Yeah... in your case as it is. However, I would try using the sub on the sub out of the receiver too. You can still run it through the DCX. That way you can try the Large setting for your mains too. Take measurements both ways and see which looks/sounds better.

Am I missing something with that sub-out not being used? Couldn't you simply set that x-over to 200Hz and feed it to the DCX? Maybe I don't understand how the DCX works.


----------



## sonata31 (Jun 2, 2006)

*Re: LARGE or SMALL ?*



Sonnie said:


> Yeah... in your case as it is. However, I would try using the sub on the sub out of the receiver too. You can still run it through the DCX. That way you can try the Large setting for your mains too. Take measurements both ways and see which looks/sounds better.
> 
> Am I missing something with that sub-out not being used? Couldn't you simply set that x-over to 200Hz and feed it to the DCX? Maybe I don't understand how the DCX works.


I can't use the sub on the sub out, because in mode "pure direct" of the Yam, only the mains are supplied, no signal to the sub out


----------



## brucek (Apr 11, 2006)

*Re: LARGE or SMALL ?*



> I can't use the sub on the sub out, because in mode "pure direct" of the Yam, only the mains are supplied, no signal to the sub out


And this was the point I was originally trying to bring to light. My point was that if you are attempting to get as pure a stereo two channel signal as possible (and there's a lot of merit in that quest), then it's counter-productive to insert two ADC/DAC devices in that chain. You've defeated the 'purity' of that signal by digitizing it too much.

brucek


----------



## Sonnie (Apr 11, 2006)

*Re: LARGE or SMALL ?*



sonata31 said:


> I can't use the sub on the sub out, because in mode "pure direct" of the Yam, only the mains are supplied, no signal to the sub out


Ahh... now I follow you. brucek does make a good point about the additional devices.

What specifically is "Pure Direct" bypassing to make it "pure"?


----------



## Sonnie (Apr 11, 2006)

*Re: LARGE or SMALL ?*

Also, read this thread about the dramatic improvement of crossing over the mains.
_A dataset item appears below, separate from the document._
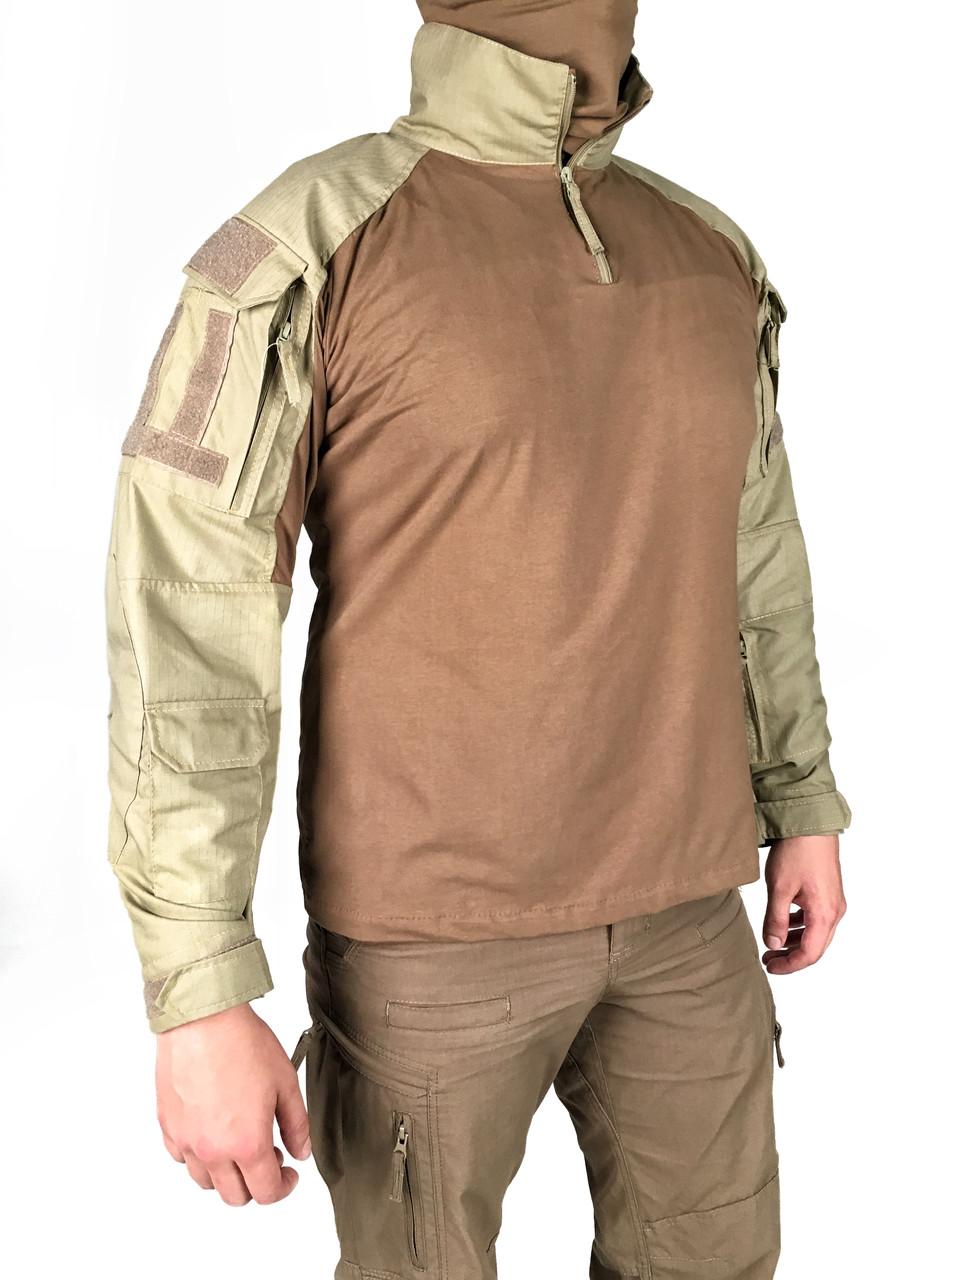 Боевая рубашка койот

You might be better off (or just as well off) not using Pure Direct, but using the sub-out with the DCX and taking the DEQ off the mains. No Pure Direct or added DEQ impurities... pick your poison.


----------



## Otto (May 18, 2006)

*Re: LARGE or SMALL ?*



ilovemacintosh said:


> A small setup is more convenient.


Much easier to transport if you move around much...


----------